At a time when Second Amendment doctrine has taken a strongly historical turn and gun rights advocates have increasingly argued that gun regulation itself is historically racist, it is especially important that historical claims about race and guns be taken seriously and vetted appropriately. In this short article, we evaluate the often-repeated claim that the nickname “Saturday Night Special” derives from the phrase “[n___er]-town Saturday night.”

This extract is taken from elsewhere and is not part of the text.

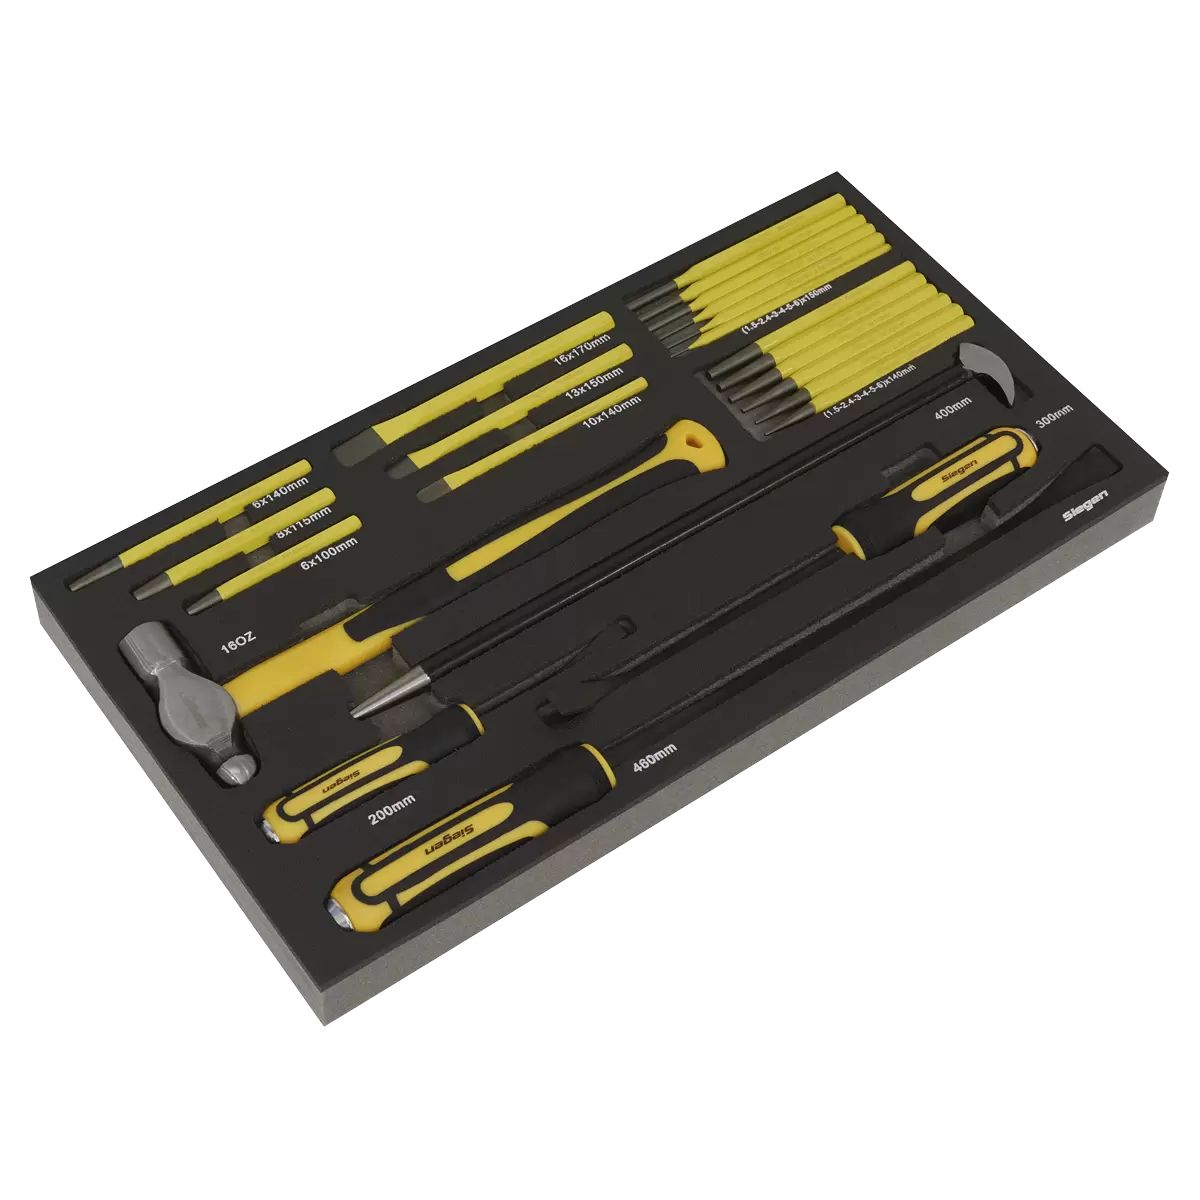 Sealey AP35TBCOMBO Tool Chest Combo 16 Drawer Black/Grey 468pc Tool Kit

Based on a review of newspapers, legislative debates, dictionaries, slang compendiums, and other sources, we find no historical support for this claim. It apparently appeared for the first time, unsourced, in a 1976 article and has been repeated in dozens of briefs and scholarly sources since. Advocates and scholars should stop invoking this unsupported origin story, which if anything serves as a cautionary example of how citations can cascade. The most plausible origin of the nickname as it related to cheap firearms stemmed from the turn of the century when the phrase “Saturday-night special” was already in common usage with connotations of cheapness and convenience.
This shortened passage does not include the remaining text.